Впрочем, типичный санкюлот, обитатель рабочего Сент-Антуанского предместья.. ничего особенного.., но это совсем не то, что может вызвать симпатию молодой графини…
Все эти недостатки следовало немедленно устранить, сменив старый сюртук на новый, а главное – аккуратно связать чёрную гриву в хвост, как делал всегда из уважения к Робеспьеру, когда посещал дом гражданина Дюплэ..
Остановив фиакр у подъезда, Норбер поднялся на третий этаж и открыл дверь, ключи от этой квартиры были только у него и служанки.
Решительно вошел в гостиную, но замер и остановился, держа в руке шляпу с трехцветной кокардой, увидев, как Луиза де Масийяк, непозволительно красивая в ярко-розовом, струящемся до пола платье встала при его появлении из-за стола и отложила в сторону книгу.

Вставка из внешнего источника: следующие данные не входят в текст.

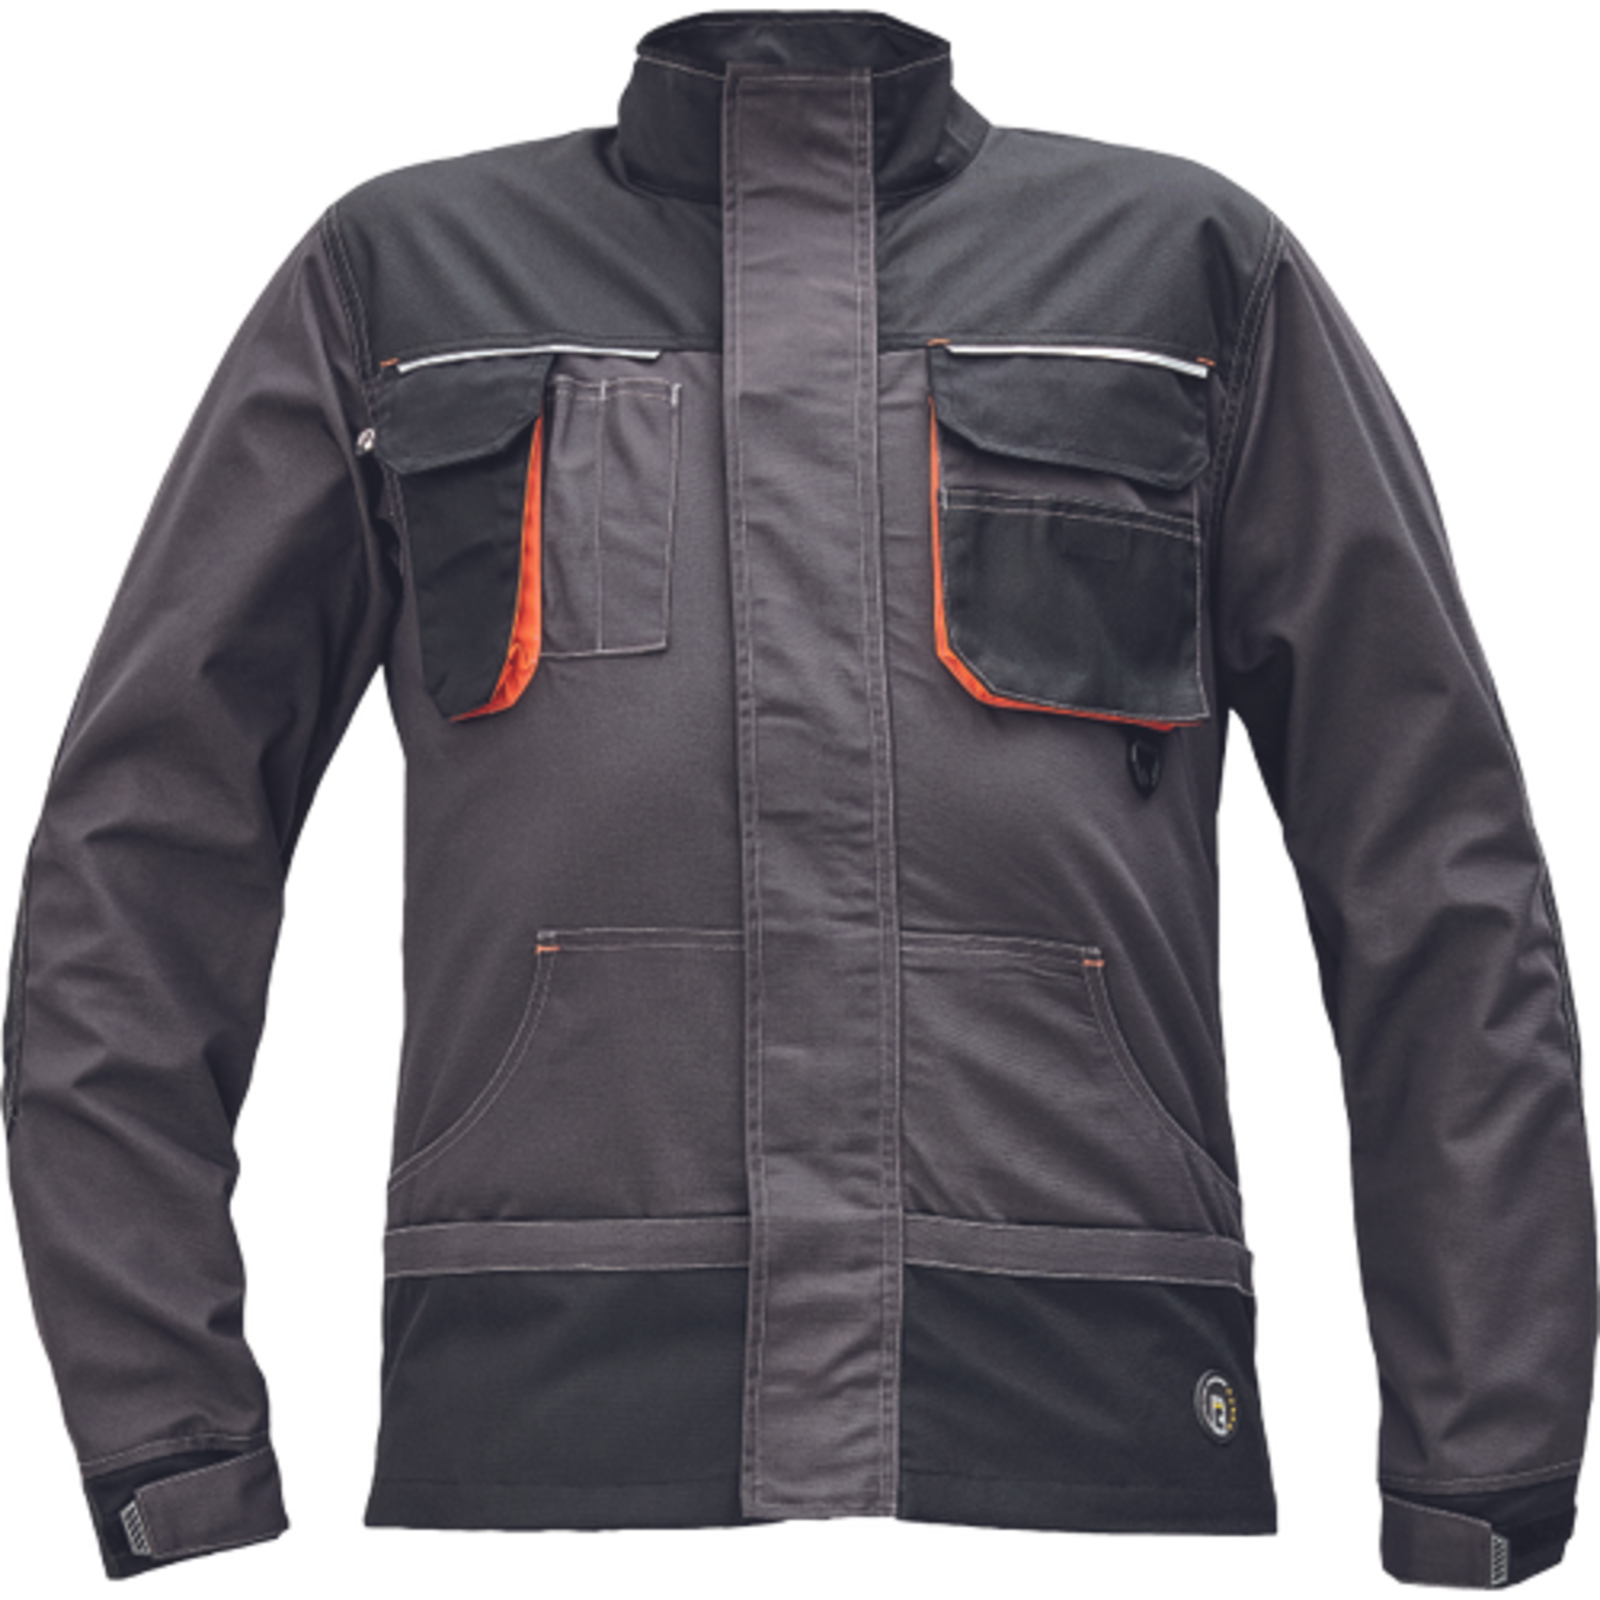 Odolná montérková bunda Emerton Plus - veľkosť: 60, farba: antracit/oranžová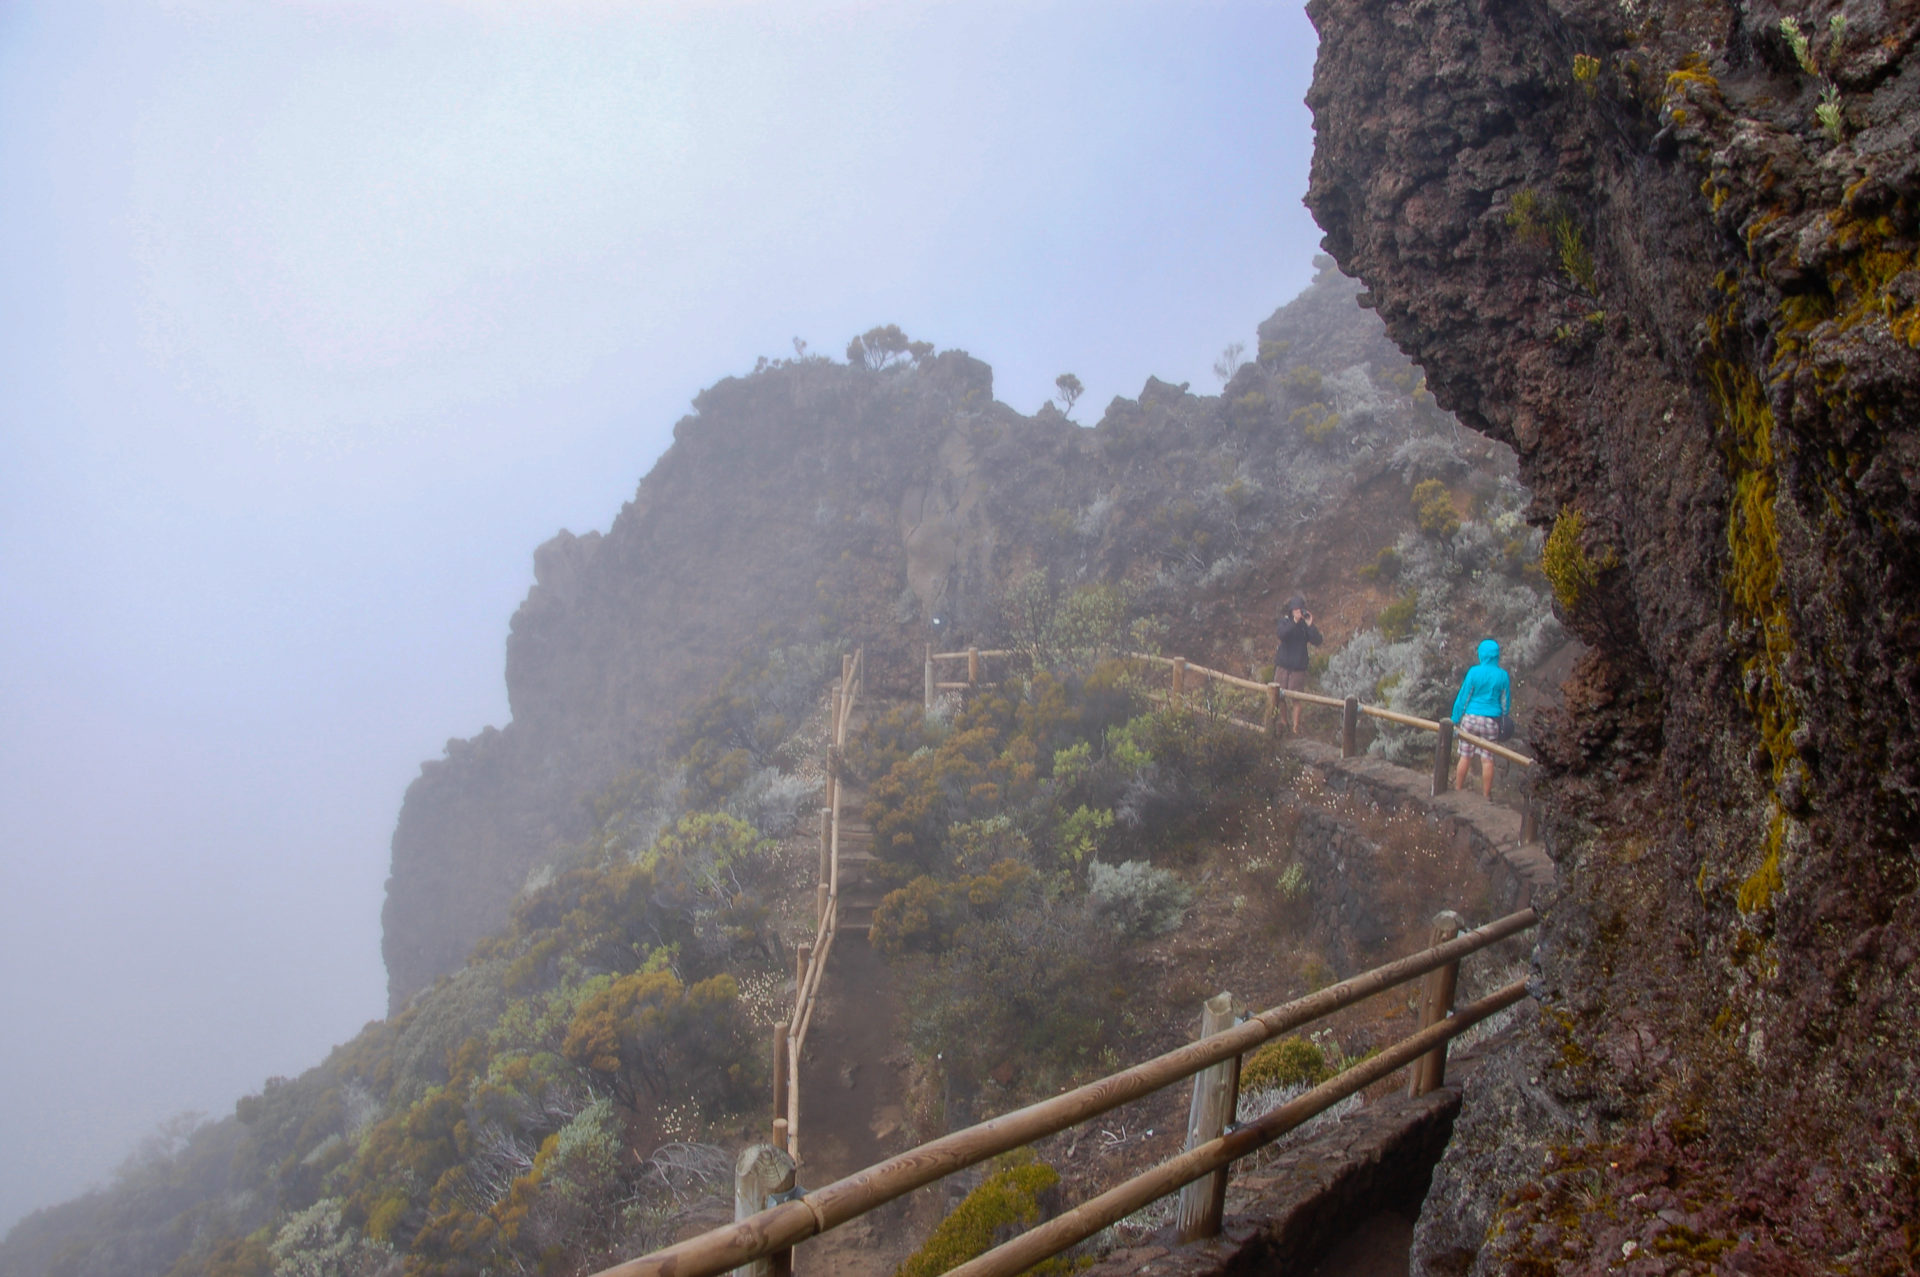 Wanderung im Nebel während der Rundreise durch La Réunion

В больших грустных глазах он ясно читал озабоченность и легкий испуг и испытал смутную обиду, она по-прежнему видит в нём «свирепое революционное чудовище», бледнеет, вздрагивает и отстраняется при его приближении и малейшем прикосновении.
– Я присяду, вы не против?, – мягко произнес Норбер, – отчего вы так насторожены? Мы с вами общаемся достаточно часто, за это время я не сделал вам никакого зла, почему вы меня боитесь? Давайте я сам попробую угадать причину, а вы скажете прав я или нет? Вы чувствуете себя зависимой и беззащитной, обязанной мне жизнью и боитесь, что я назначу особую цену своему покровительству?» Норбер выразительно взглянул на девушку и её нежные щеки залил румянец, – а также ваш страх вызывают все революционеры, все якобинцы, вы приучены видеть в каждом из нас врага и злодея, это заметно. Итак, я прав? ответьте же мне…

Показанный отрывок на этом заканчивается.